The 'additive phrase' simply provides another environment and altered physical attribute (clothing) wherein they ALSO look indistinguishably like the dwarf-men. 

One can only wonder what garb the dwarf-women wore in the home setting and when not on journeys enabling a distinction, and why they chose to drop the distinction when a journey was their objective.

Tolkien would not have been in error in setting his grammar in place here. His intent was to leave us without doubt that they were indistinguishable from one another.


----------



## Tar-Elenion (Dec 8, 2022)

Matthew Bailey said:


> Another thing in which the answer is likely a categorical yes, *but…*.
> 
> We know that the Númenóreans did not grow beards at all for the men, save possibly (note: Possibly) as they approach the time of death.
> 
> This seems to have been important for the Númenóreans when they still possessed the means to voluntarily _Surrender the Gift_. The Growth of a beard means “Get your life in order to prepare to _Surrender the Gift._” While the beard turning grey means “It is time to leave.”

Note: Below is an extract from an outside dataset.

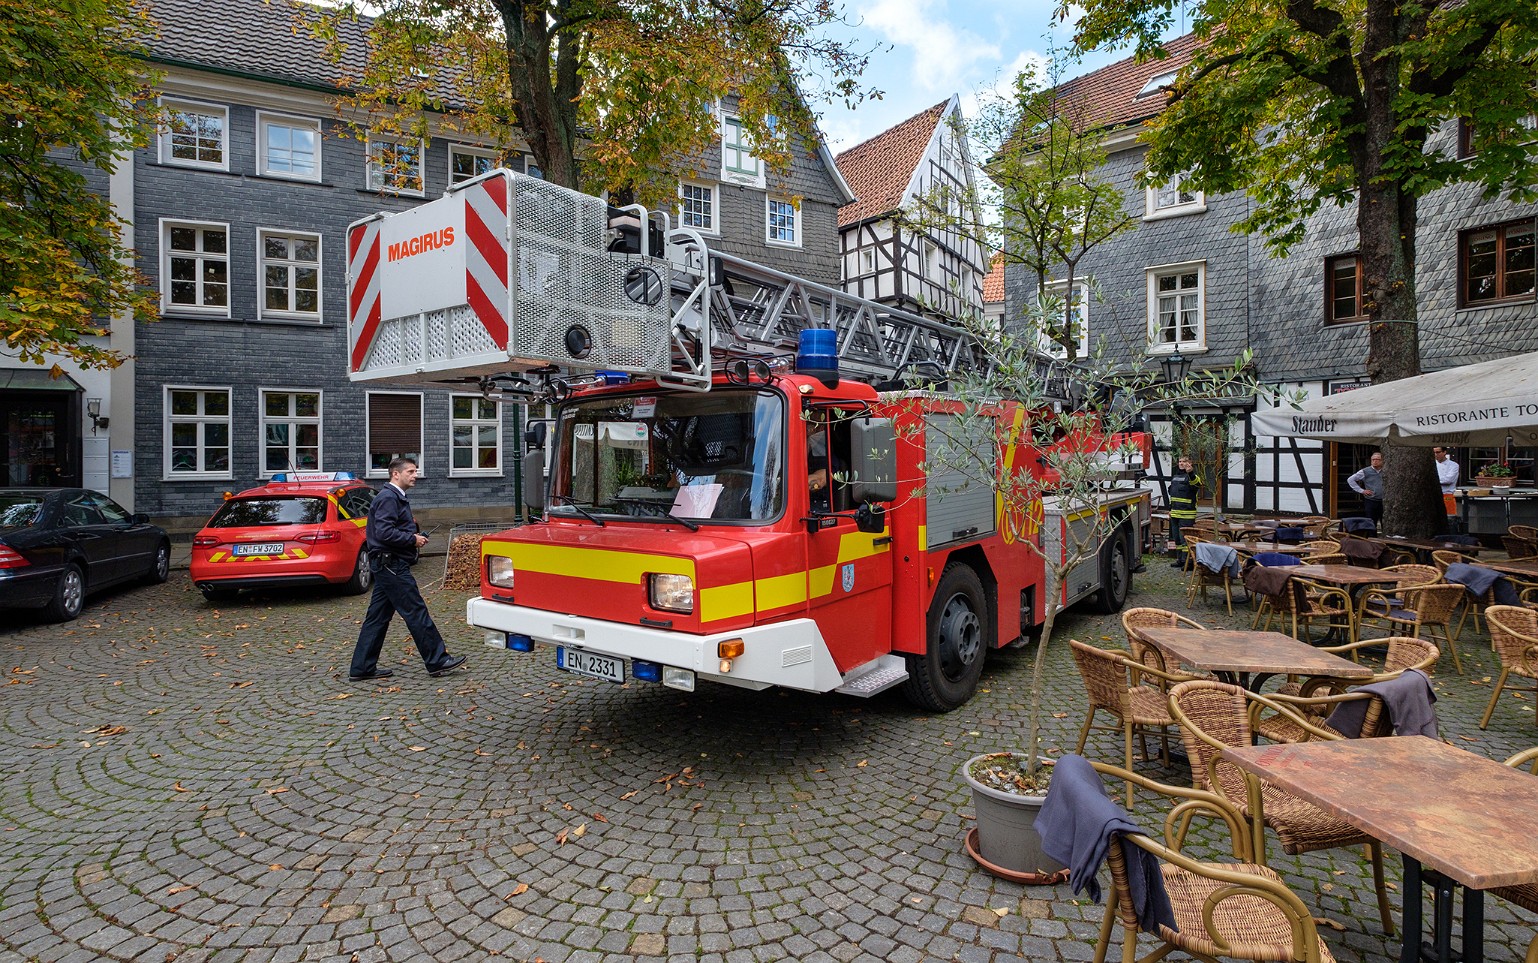 Kirchplatz_029_Feuerwehr-Hattingen_X-T2_11mm_-7,1_1-240_LR69_sRGB

Not quite. Numenoreans in the line of Elros did not have beards:
"The tribes of Men from whom the Númenóreans were descended were normal, and hence the majority of them would have beards. But the royal house was half-elven, having two strains of Elvish race in their ancestry through Lúthien of Doriath (royal Sindarin) and Idril of Gondolin (royal Noldorin). The effects were long-lasting: e.g. in a tendency to a stature a little above the average, to a greater (though steadily decreasing) longevity, and probably most lastingly in beardlessness. Thus none of the Númenórean chieftains of descent from Elros (whether kings or not) would be bearded."
NoMe, Beards (ca. (late) 1972 or 73
There are some problems with this, however:
"Frodo saw the old king’s head: it was lying rolled away by the roadside. ‘Look, Sam!’ he cried, startled into speech. ‘Look! The king has got a crown again!’
The eyes were hollow and the carven beard was broken, but about the high stern forehead there was a coronal of silver and gold."
LotR, Journey to the Cross-roads
Tolkien also seems to have approved of Pauline Baynes depiction of the Argonath on the poster map she drew:
"Tolkien wrote a set of comments on these depictions of places and characters. Some of these comments are appreciative: e.g. Tolkien found four of the vignettes, sc. those depicting the Teeth of Mordor, the Argonath, Barad-dûr, and Minas Morgul, particularly well-executed, and described them as agreeing “remarkably with my own vision … Minas Morgul is almost exact”..."
NoMe, Descriptions of Characters (1970) 
Baynes depiction of the Argonath includes beards.


----------